Number of Operations

Now lets think about how many operations the sieve method does. If our number n is once again one million, we would loop over (1 000 000 / 2) multiples of 2, (1 000 000 / 3) multiples of 3, and so on. This forms the following sequence: 1m/2 + 1m/3 + … + 1m/1m or 1m * (1/2 + 1/3 + … + 1/1m).

Here’s a python program to find that sum:

sum([1/x for x in range(2, 1000000+1)])

The answer is ~13.4 million. That’s only 1.34% of the operations required by the non-sieve method. Based on the measurements above the sieve method is about 30 times faster when n is one million and does only 1.34% of the work.

Finding Large Primes

Now, we might ask, in the time it takes the non-sieve method to generate all the primes under one million (~680ms) how many primes can the sieve method find.

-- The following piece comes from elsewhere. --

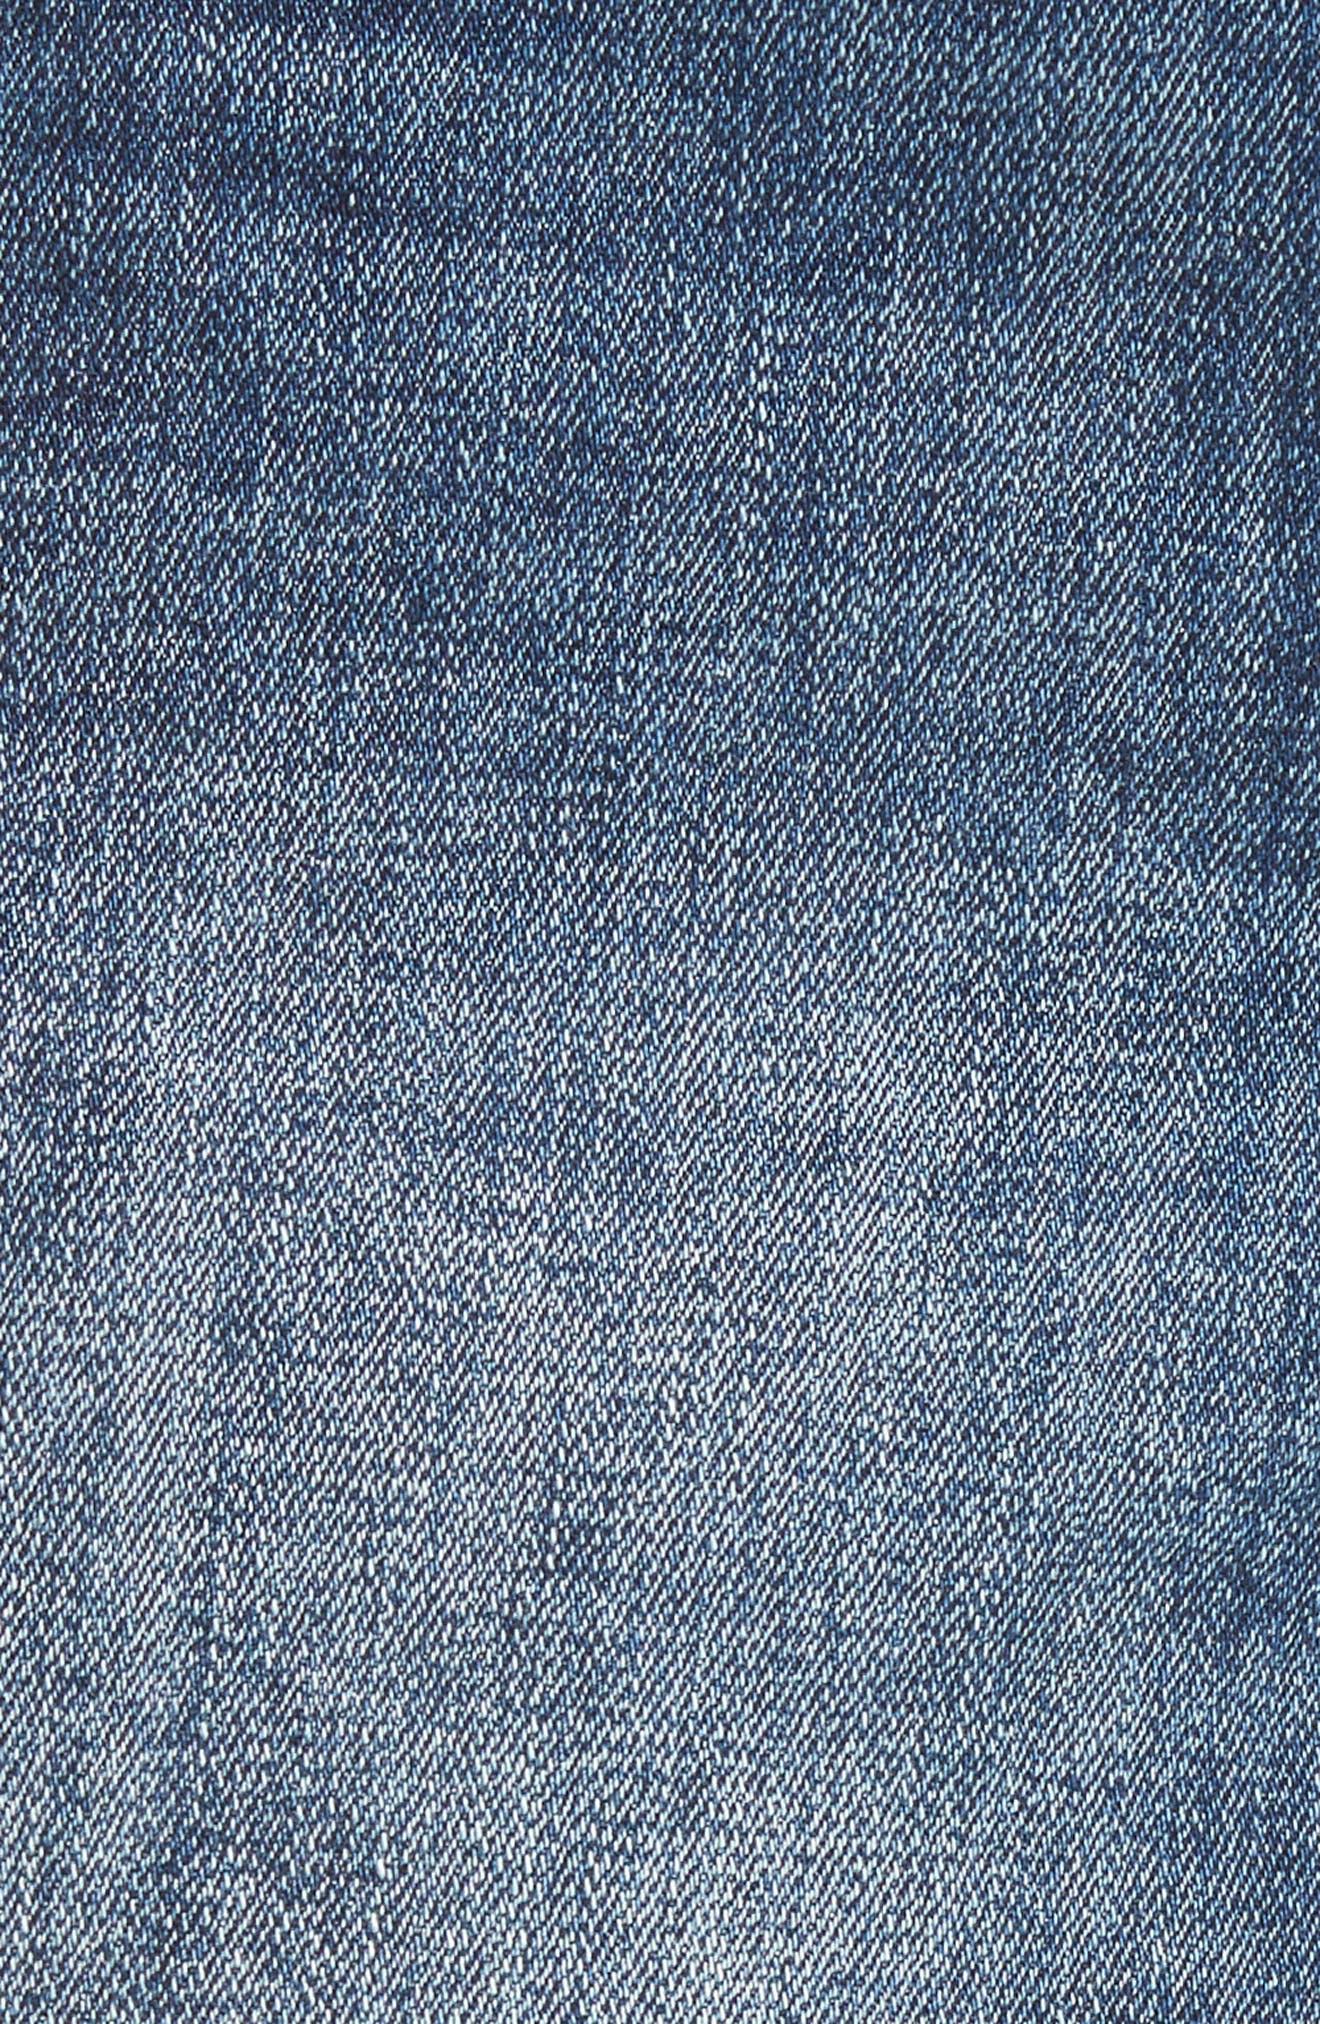 Karlie Cutoff Denim Boyfriend Shorts,                             Alternate thumbnail 5, color,                             Bluegrass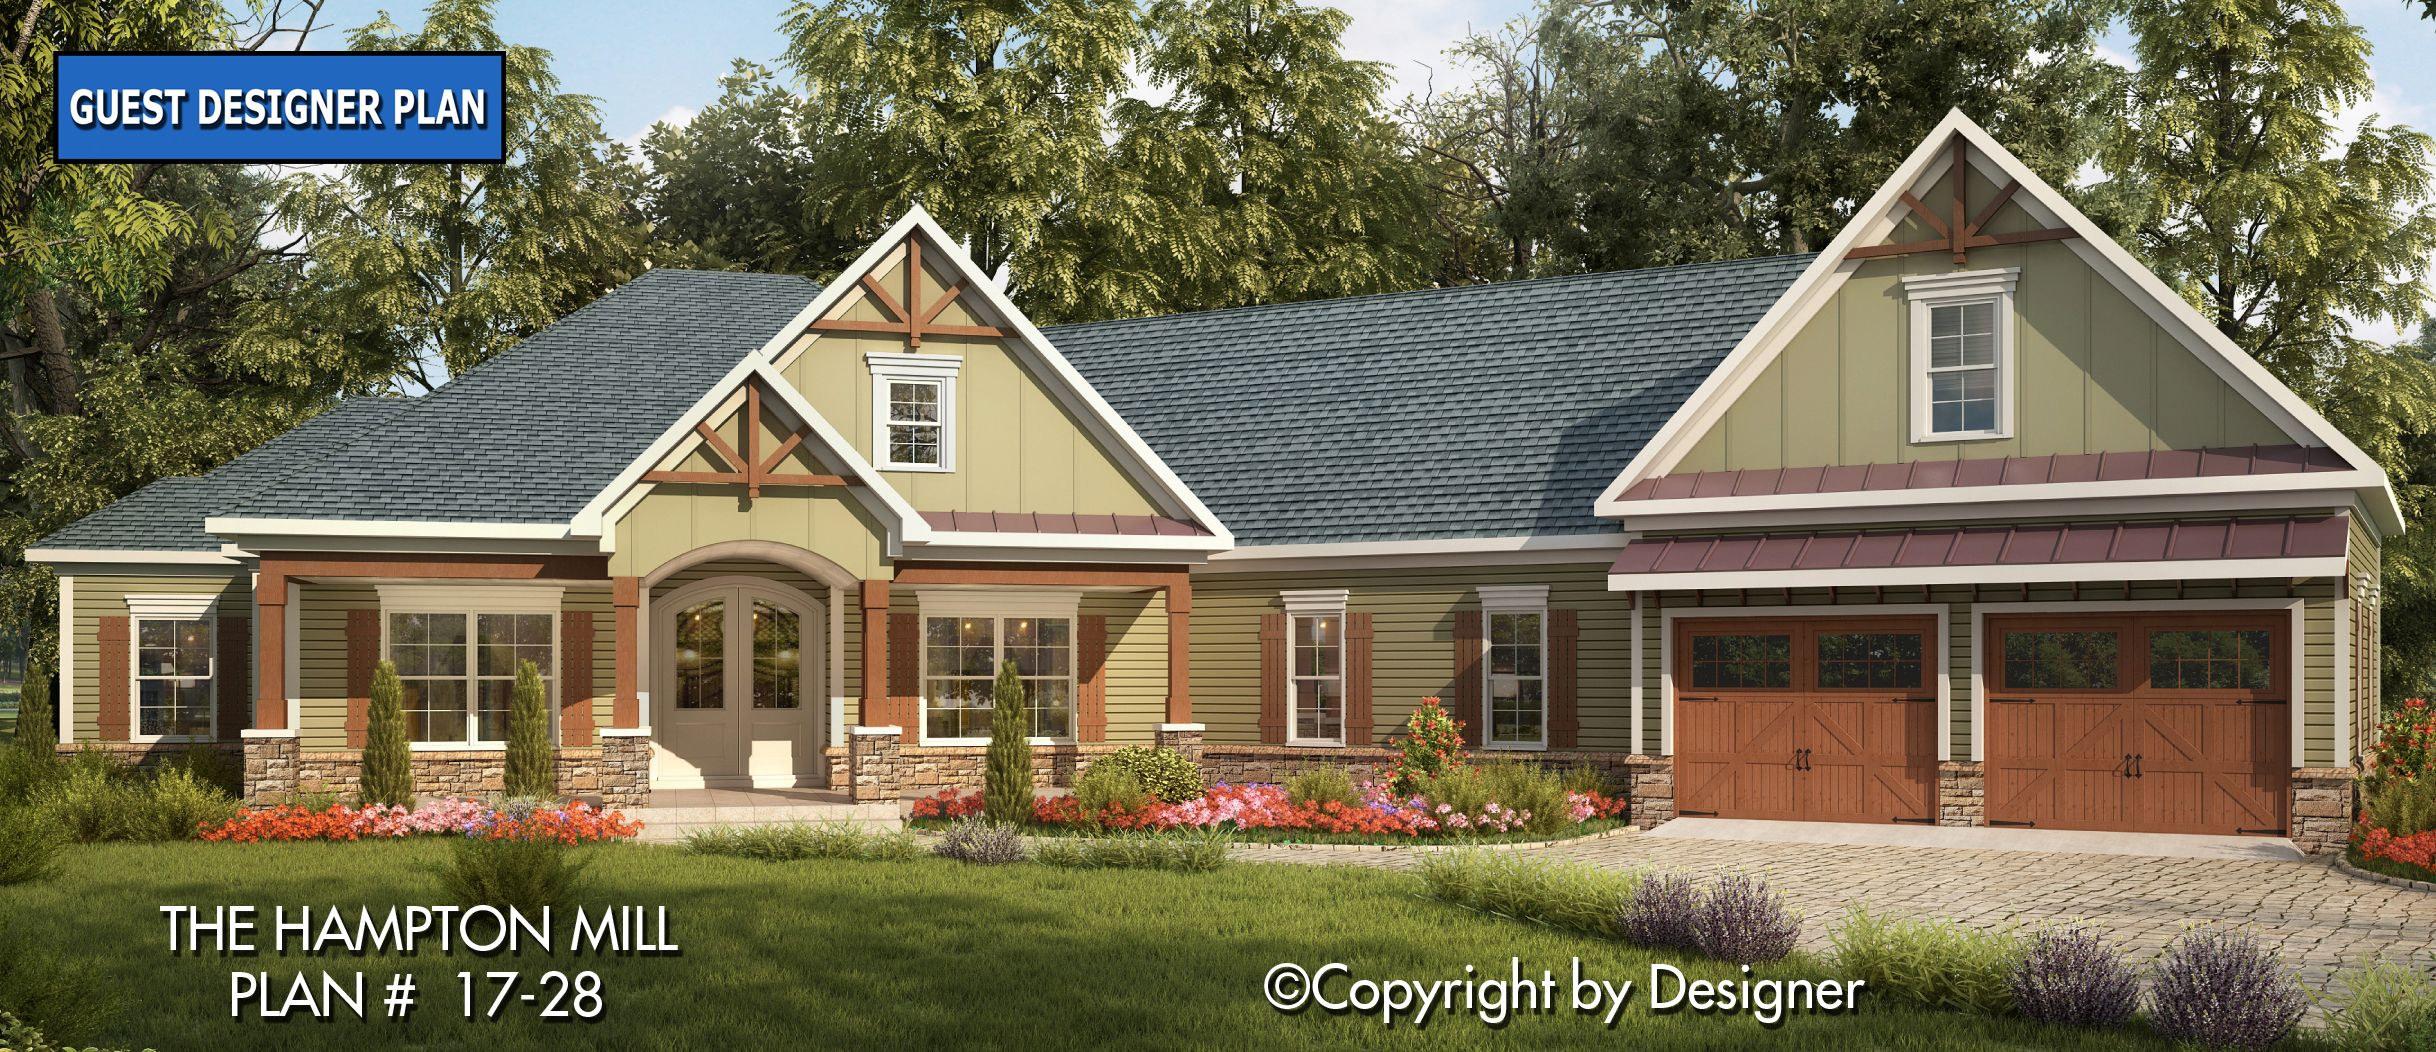 Hampton Mill House Plan 17 28 Kt Garrell Associates Inc Craftsman Style House Plans Coastal House Plans House Plans

Let’s use a binary search technique to find this number. In the table below, I start by asking my code how long it takes to find all the primes under 100 million. I’ll determine the next value I search based on how much time it took for the previous code to run. With a search space of 100million, it would take log2(100m) = 26 queries to find a final value.

Step n Time high/low
1 100 million 10 sec Too high
2 50 million 3 sec Too high
3 25 million 1.6 sec Too high
4 12.5 million 702 ms Too high
5 6 million 227 ms Too low
6 9.25 million 409 ms Too low
7 10.8 million 522 ms Too low
8 11.65 622 ms Too low
9 12 million ~680 ms -

We can find all primes under 12 million while a non-sieve algorithm finds only those under one million! There’s 788060 primes under 12 million, and, if we wanted to let our algorithm run for 10 sec with n = 100 million we could find the more than Five million primes! (specifically 5761455 primes)

Python Code for a Sieve

A Sieve can be implemented in only a few lines of python. So, a Sieve is just as quick to implement as the other methods.

 1
 2
 3
 4
 5
 6
 7
 8
 9
10
11
12
13
def primeSieve(n):
    # Returns a boolean array where
    # index 'i' is true if 'i' is prime

    p = [True for x in range(n+1)]
    p[0] = False
    p[1] = False

    for i in range(2, n+1):
        for k in range(2*i, n+1, i):
            p[k] = False

    return p

Conclusion

In this article, we found that a loop-based prime finding algorithm works well enough for low numbers (under one million). However, a Sieve can be equally quick to implement, runs an order of magnitude faster, and can find primes as large as five million in ~10sec.